Rasch analysis was used to assess the complexity of middle and high school students’ knowledge in various content areas of chemistry by predicting item difficulty (Bernholt & Parchmann, 2011). Rasch analysis was also used for investigating instrument functioning and item difficulty and person ability which helped validate an ordered multiple-choice test for assessing students’ understanding of matter (Hadenfeldt, Bernholt, Liu, Neumann, and Parchmann 2013). A similar study (Wei, Liu, Wang, & Wang, 2012) used partial-credit Rasch model to determine the validity and reliability of a computer-modeling based instrument to assess students’ understanding of matter. These studies demonstrate the limited use of the Rasch model in chemical education.

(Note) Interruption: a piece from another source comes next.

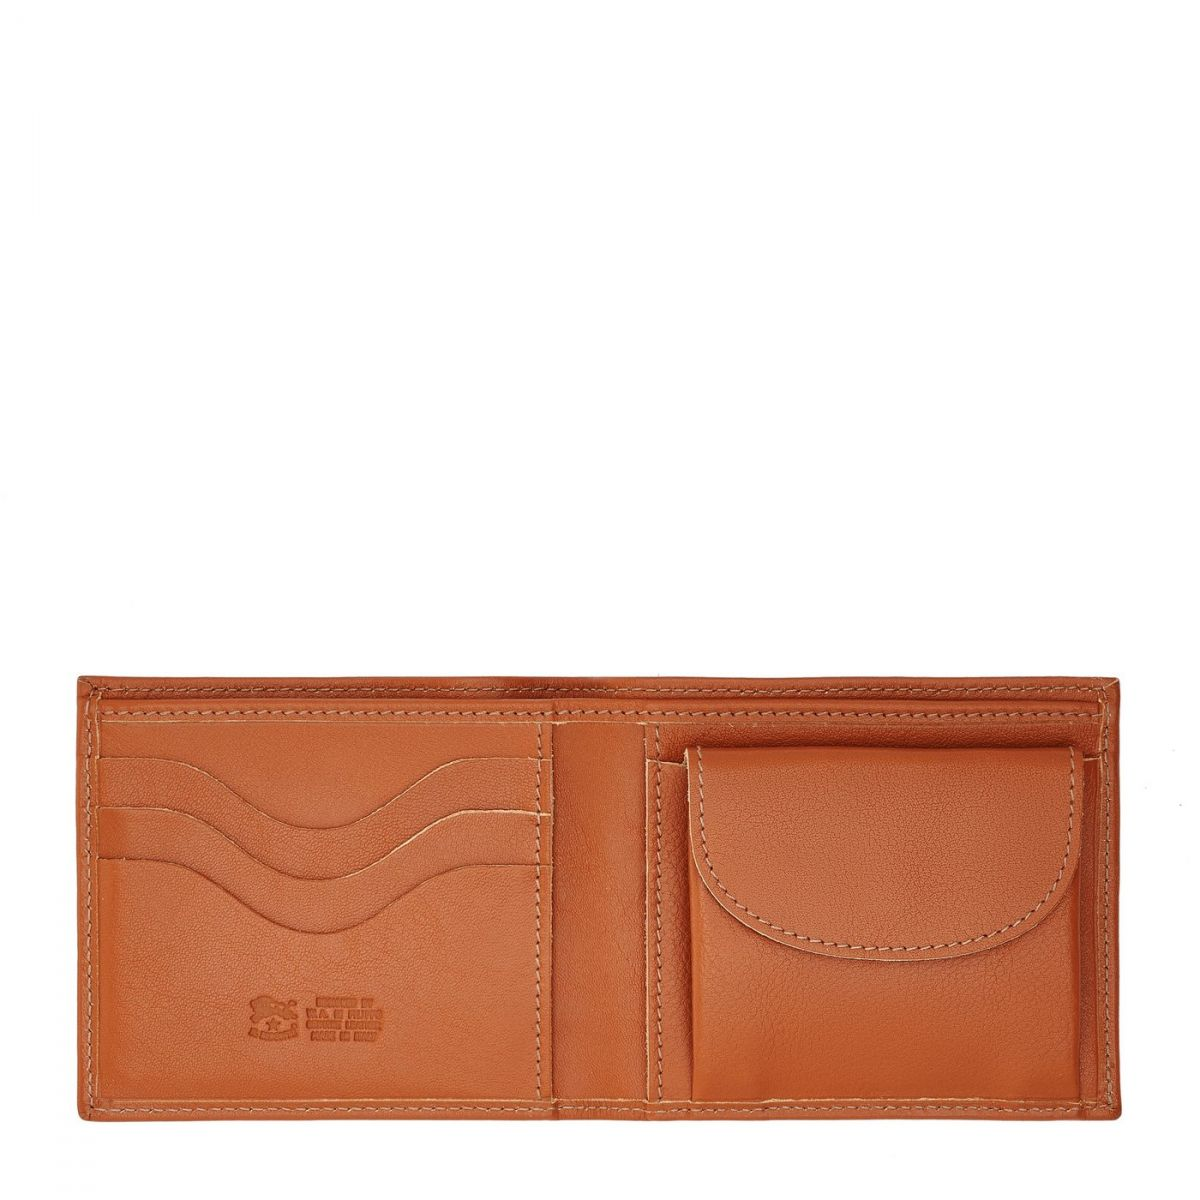 Men's Bi-Fold Wallet  in Cowhide Double Leather SBW007 color Caramel | Details

The Rasch model has been utilized sparingly while designing concept inventories. Rasch analysis was used on a thermochemistry concept inventory (TCI). It was reported that all the items showed good functioning, the TCI was well targeted to the ability of students and the TCI is a measure of overall student ability providing evidence of concurrent validity (Wren & Barbera, 2014).
The Rasch model however has been used to add to psychometric data on existing concept inventories. The Chemical Concepts Inventory (CCI) (Mulford & Robinson, 2002) has been the source of further investigations. A method based on Rasch modeling to measure learning gains in chemistry was introduced (Pentecost & Barbera, 2013). Gain analysis was compared using normalized learning gain calculations and Rasch modeling on data using the chemical concepts inventory (CCI) and it was found that Rasch modeling gave information on students’ learning of specific content by comparing item difficulty and student ability on the same scale. Additions were made to the existing psychometric data on the Chemical Concepts Inventory (CCI) by conducting CTT and Rasch analysis (Barbera, 2013). The unidimensionality, item fit and, reliability were reported using Rasch analysis.
In addition to Barbera’s (Barbera, 2013) work utilizing CTT and Rasch analysis to validate a concept inventory, these two models have been utilized together in chemical education research. CTT and Rasch analysis was employed to study the impact of the flipped classroom on students’ performance and retention rate where ACS general chemistry exam scores were used from pretest and posttest data and the items on the exam were validated (Ryan & Reid, 2016). CTT and Rasch analysis was also used to test the validity of the Chemical Representations Inventory (CRI) when administered to students and instructors and it was reported that the test functioned reasonably well for the intended purpose (Taskin, Bernholt, & Parchmann, 2015).
The presence of concept inventories in organic chemistry is lacking with the exception of ACID I (McClary & Bretz, 2012), which was used to test organic chemistry students’ alternate conceptions of acids and bases, and it was validated using only CTT. Hence the use of Rasch techniques to validate concept inventories in organic chemistry is absent. Rasch analysis was however used to explore the relationship between person ability and item difficulty on a questionnaire studying teaching assistants’ pedagogical content knowledge in 1H NMR spectroscopy (Connor & Shultz, 2018). Rasch techniques were used to validate an instrument developed to measure graduate students’ pedagogical content knowledge of thin layer chromatography (Hale, Lutter, & Shultz, 2016). These studies demonstrate that there are examples of Rasch analysis being utilized in organic chemistry education but none have utilized Rasch analysis to validate concept inventories.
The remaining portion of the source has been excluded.